Lesion network mapping is a neuroimaging technique that analyzes the connectivity pattern of brain lesions to identify neuroanatomic correlates of symptoms.[1][2][3] The technique was developed by Michael D. Fox and Aaron Boes to understand the network anatomy of lesion induced neurologic and psychiatric symptoms that can not be explained by focal anatomic localization.[4][5] Lesion network mapping applies a network-based approach to identify connected brain networks, rather than focal brain regions, that correlate with a specific symptom.
In focal neuroanatomic localization, developed by Paul Broca and others, specific symptoms that occur due to brain lesions can be understood by identifying a specific brain region that is injured by lesions to establish brain-symptom relationships.[2] However, a number of neurologic symptoms, such as peduncular hallucinosis, are not amenable to this approach since the lesions associated with the symptom do not map to one focal brain location.[1] Lesion network mapping helps to explain these lesion-induced syndromes by showing that lesion locations associated with a given symptom all map to a shared brain network even if they do not all map to a focal brain region.[2] The technique maps the location of lesions associated with a specific symptom and analyzes the connectivity pattern of the lesions compared to large, standardized human brain atlases. While initially developed using resting-state fMRIs such as the Human Connectome Project,[1] the technique has been expanded to include large structural network atlases.[6]

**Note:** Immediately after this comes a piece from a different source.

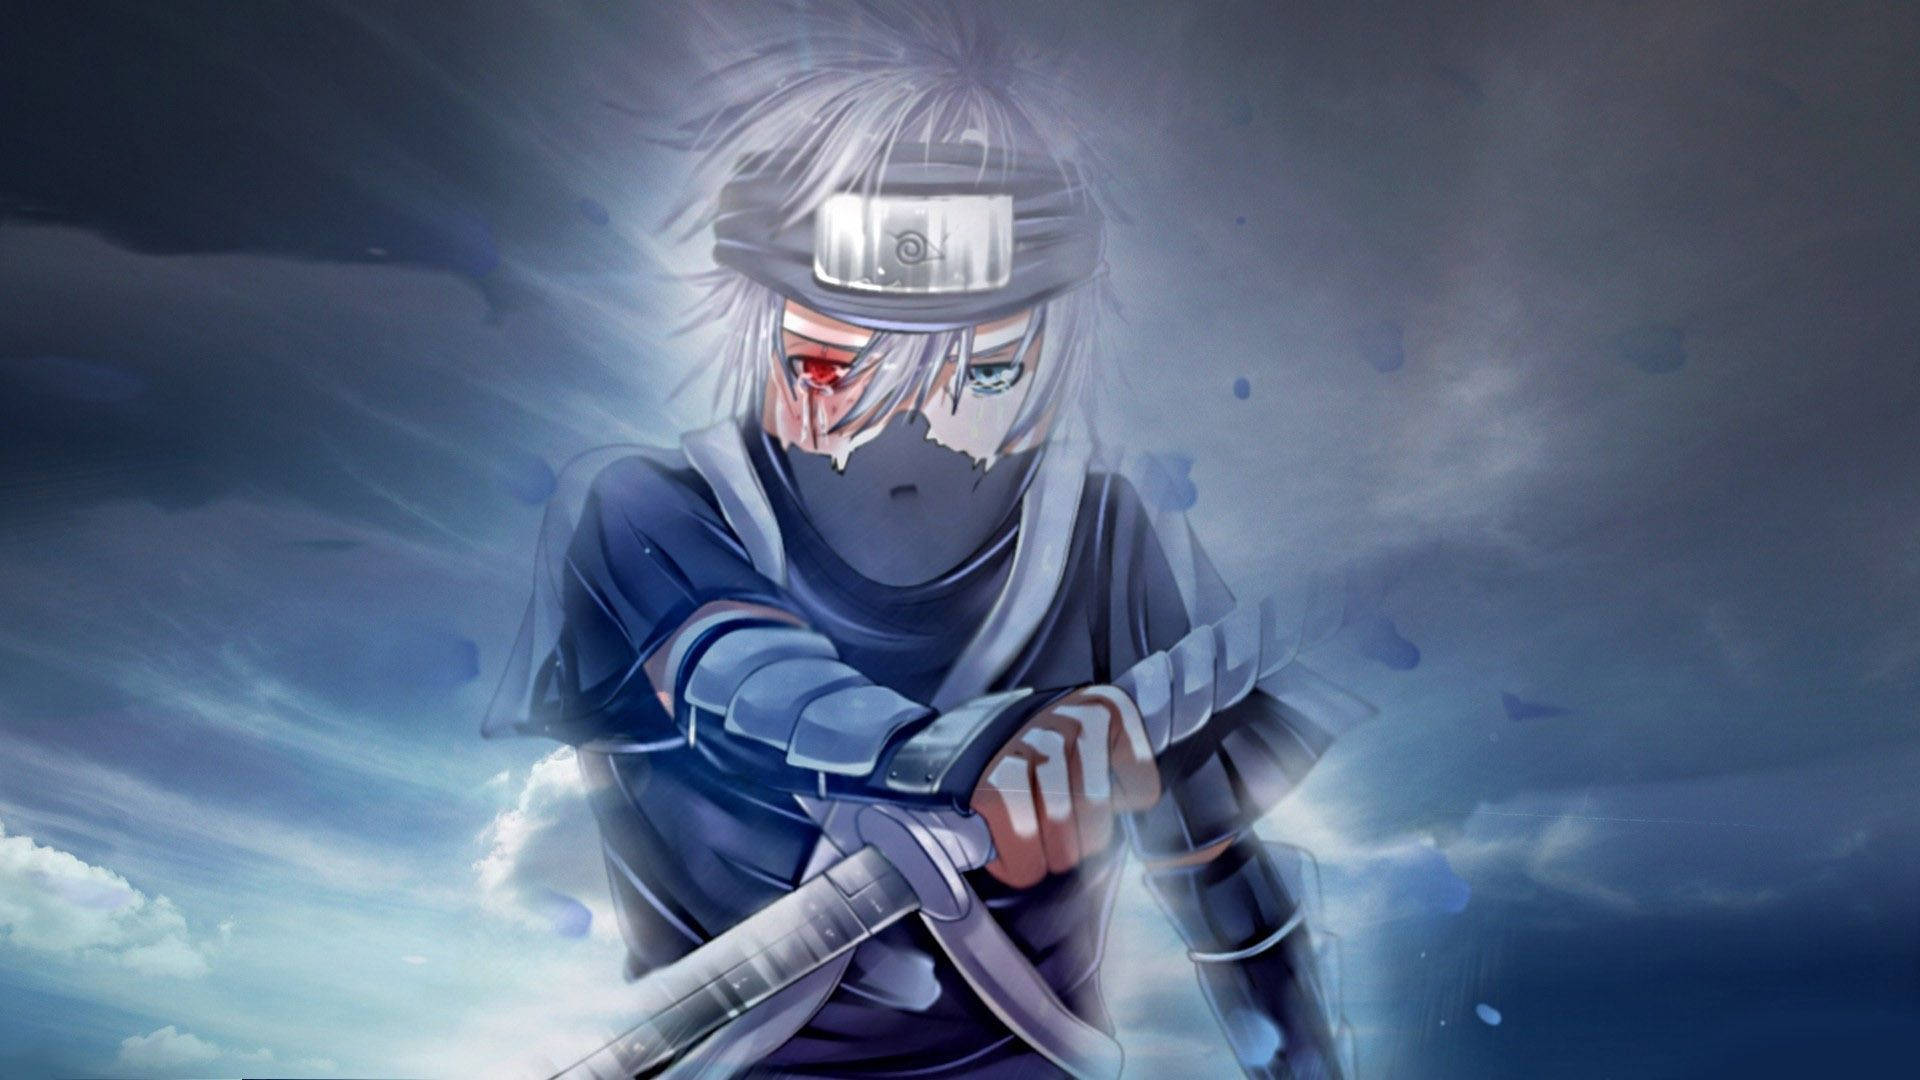 The legendary ninja, Kakashi Hatake, with his sword and lightningpower Wallpaper

Lesion network mapping has helped map the network anatomy of numerous rare neurologic syndromes (peduncular hallucinosis,[1] delusional misidentification,[7] reduplicative paramensia,[8] akinetic mutism,[9] blindsight,[10] visual anosognosia[11]), common neurologic syndromes (seizures,[12] aphasia,[13] amnesia,[14] parkinsonism,[15] topographical disorientation[16]), psychiatric syndromes[17] (depression,[18][19] mania[20]), as well as complex human behaviors (religiosity,[21] consciousness,[22][23] free will,[9] criminality,[24] addiction[25]). The technique has been successfully applied to a broad range of diseases and lesion types including lesions due to stroke,[1] traumatic brain injury,[21] tuberous sclerosis[26][27] and multiple sclerosis.[28][29] The technique has been broadened to map the connectivity of locations from transcranial magnetic stimulation[19] and deep brain stimulation[30] sites to understand treatment responsiveness.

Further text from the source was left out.